Using what I have experimented with within the data and what I have discovered through my resources, I wonder if it is possible to predict the likelihood of a Goldilock Star within a given data-set.
This resource provided me with reliable information on what to look for: https://iopscience.iop.org/article/10.3847/2041-8213/ab0651/meta
It mentions that the majority of goldilock stars are of the K class, so we wil be training a model to accurately predict the Spectral Class of a given star.
import pandas as pd
from sklearn.model_selection import train_test_split
from sklearn.preprocessing import LabelEncoder
from sklearn.model_selection import GridSearchCV
from sklearn.linear_model import LogisticRegression
from sklearn.metrics import accuracy_score, precision_score, recall_score, f1_score
from sklearn.pipeline import Pipeline
from sklearn.ensemble import BaggingClassifier
from sklearn.decomposition import PCA
from sklearn.ensemble import RandomForestClassifier
import numpy as np
import warnings
warnings.filterwarnings('ignore')
df = pd.read_csv('data/6class.csv')
le = LabelEncoder()
df['Star color'] = le.fit_transform(df['Star color'])
df['Spectral Class'] = le.fit_transform(df['Spectral Class'])
#goldilock stars are K class
X = df.drop('Spectral Class', axis=1)
y = df['Spectral Class']
X_train, X_test, y_train, y_test = train_test_split(X, y, test_size=0.2, random_state=42, )
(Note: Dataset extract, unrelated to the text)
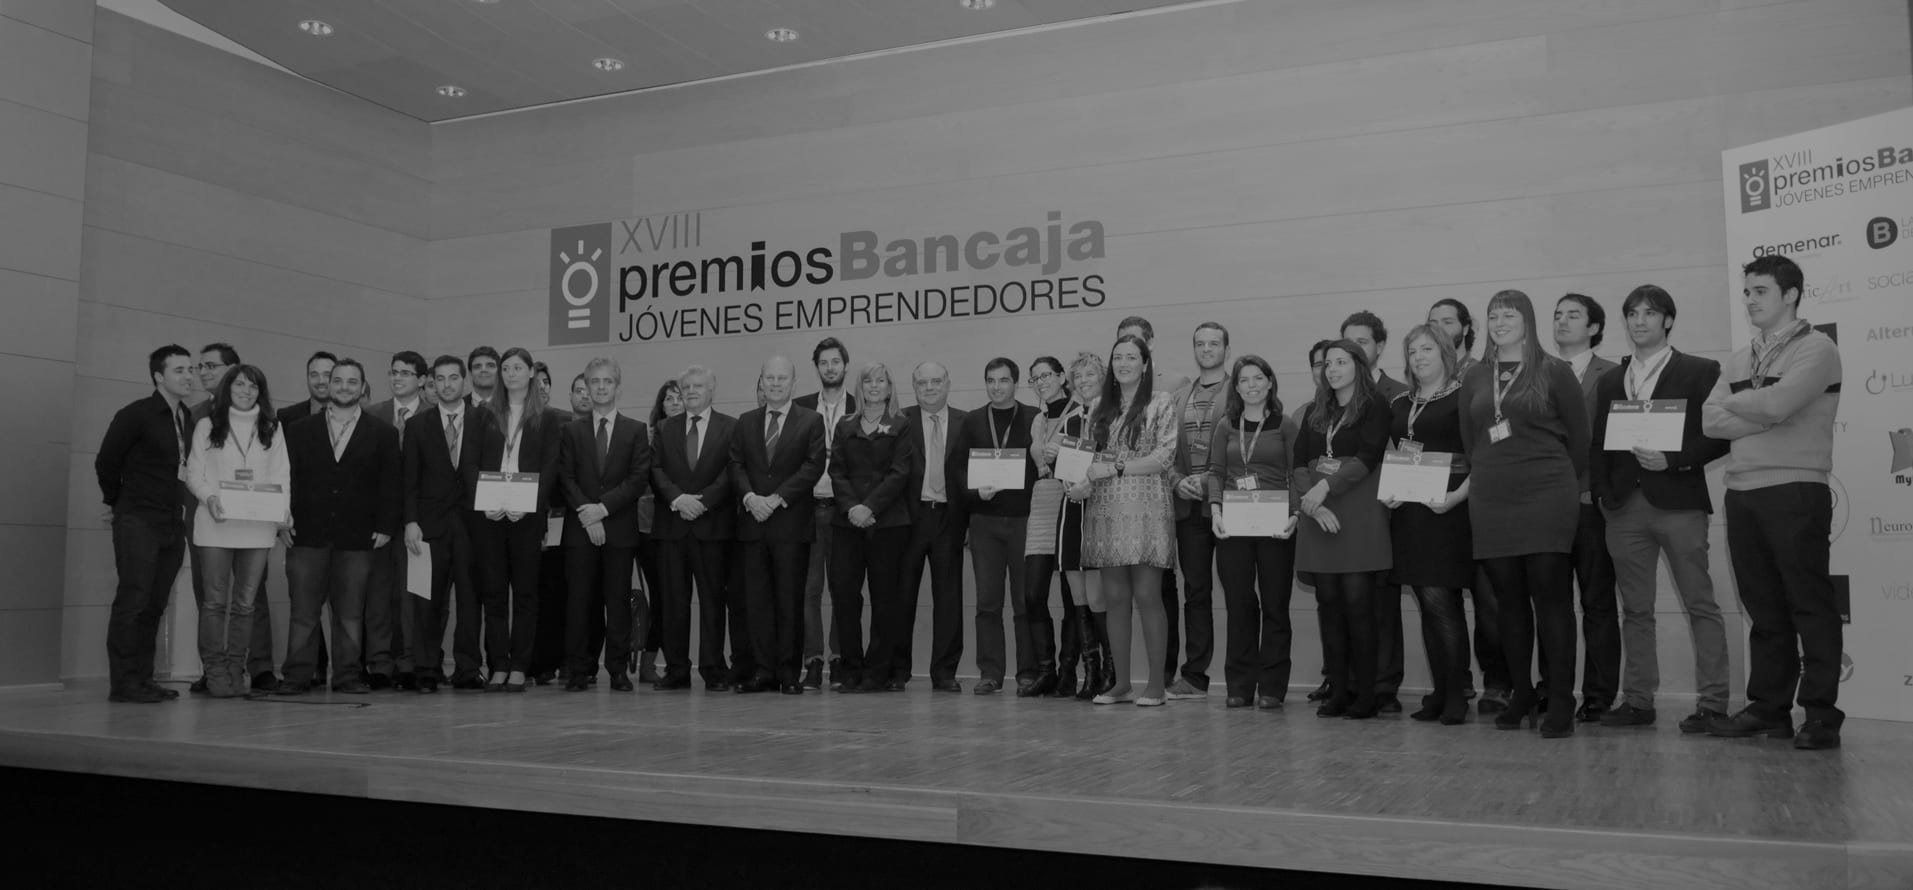 Cuatroochenta wins Bancaja's award

Why Logistic Regression? The difference lies in whether we are looking to classify discrete data or continuous data. As spectral class exists in discrete types, we will be using an optimized Logistic Regression model and not something more common such as a Linear Regression model
clf = LogisticRegression(solver="liblinear", max_iter=100, verbose=True)
clf.fit(X_train, y_train)
[LibLinear]
y_pred = clf.predict(X_test)
accuracy = accuracy_score(y_test, y_pred)
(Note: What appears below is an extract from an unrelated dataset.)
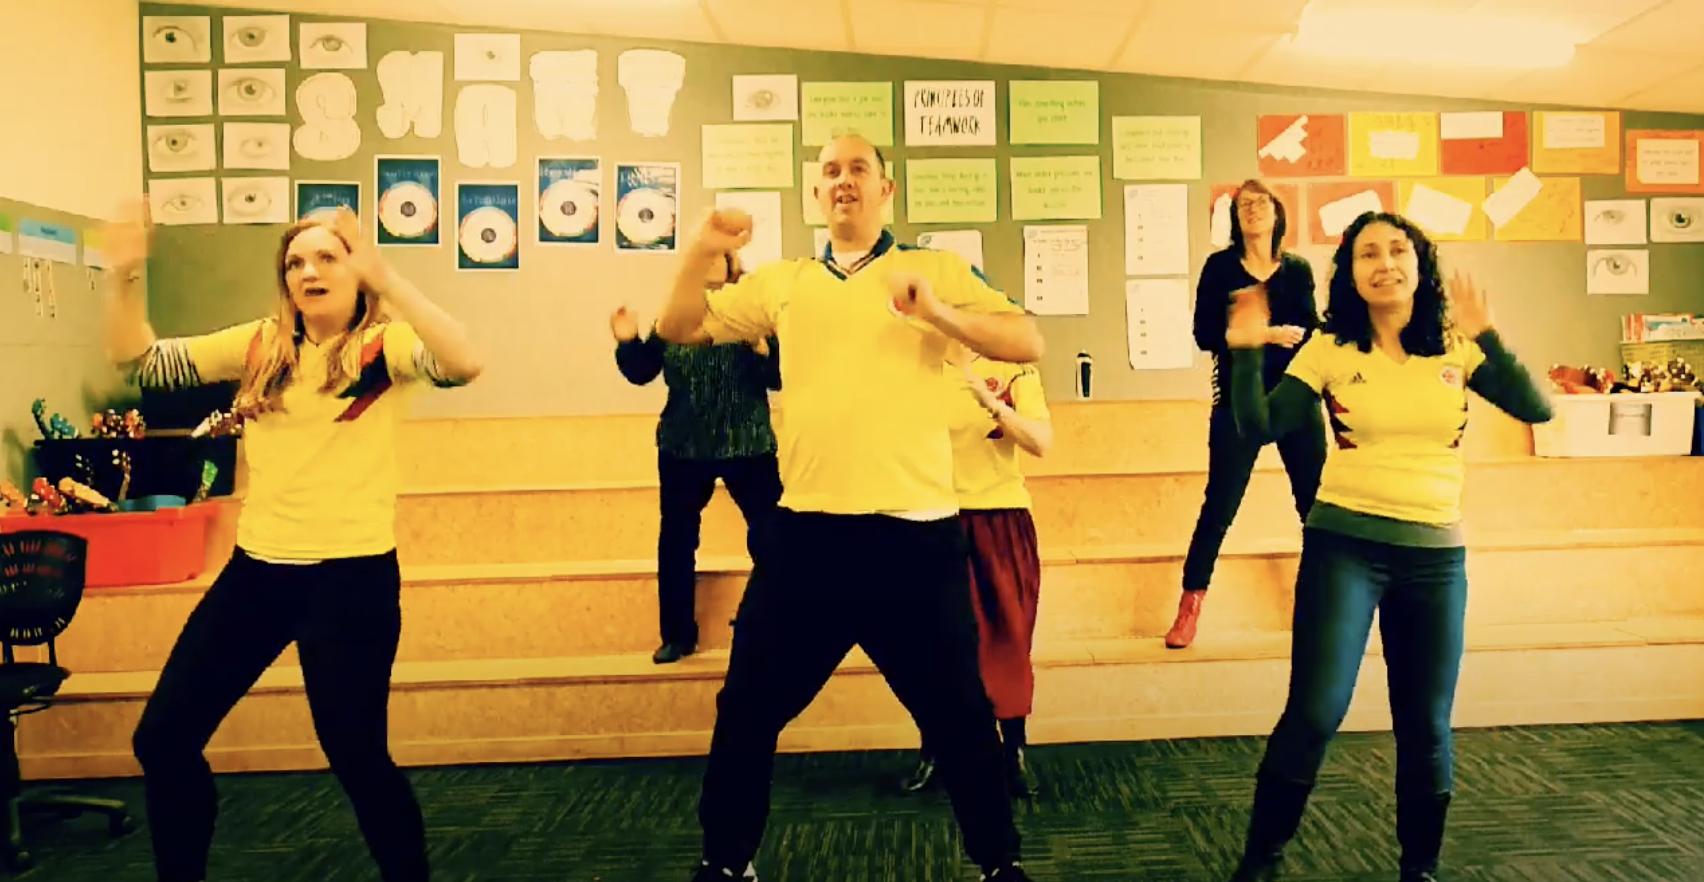 Somerfield Te Kura Wairepo teachers dancing on a classroom

precision = precision_score(y_test, y_pred, average='weighted')
recall = recall_score(y_test, y_pred, average='weighted')
f1 = f1_score(y_test, y_pred, average='weighted', labels=np.unique(y_pred))
# Printing the evaluation metrics
print("Accuracy:", accuracy)
print("Precision:", precision)
print("Recall:", recall)
print("F1-score:", f1)
Accuracy: 0.875
Precision: 0.797183794466403
Recall: 0.875
F1-score: 0.9279673814557535
I like these results but it could be better. Finding a new habitable star depends on it, so we can not be sloppy.
Idea adapted from: https://towardsdatascience.com/logistic-regression-model-tuning-with-scikit-learn-part-1-425142e01af5
# Create first pipeline for base without reducing features.
pipe = Pipeline([('classifier' , RandomForestClassifier())])
# pipe = Pipeline([('classifier', RandomForestClassifier())])
# Create param grid.
param_grid = [
{'classifier' : [LogisticRegression()],
'classifier__penalty' : ['l2', 'l1'],
'classifier__C' : np.logspace(-4, 4, 20)},
{'classifier' : [RandomForestClassifier()],
'classifier__n_estimators' : list(range(10,101,10)),
'classifier__max_features' : list(range(6,32,5))}
]
# Create grid search object
clf = GridSearchCV(pipe, param_grid = param_grid, cv = 5, verbose=True, n_jobs=-1)
# Fit on data
best_clf = clf.fit(X_train, y_train)
preds = best_clf.predict(X_test)
# Create second pipeline for feature reduction
pipe_2 = Pipeline([('reducer', PCA()),
('classifier', RandomForestClassifier())])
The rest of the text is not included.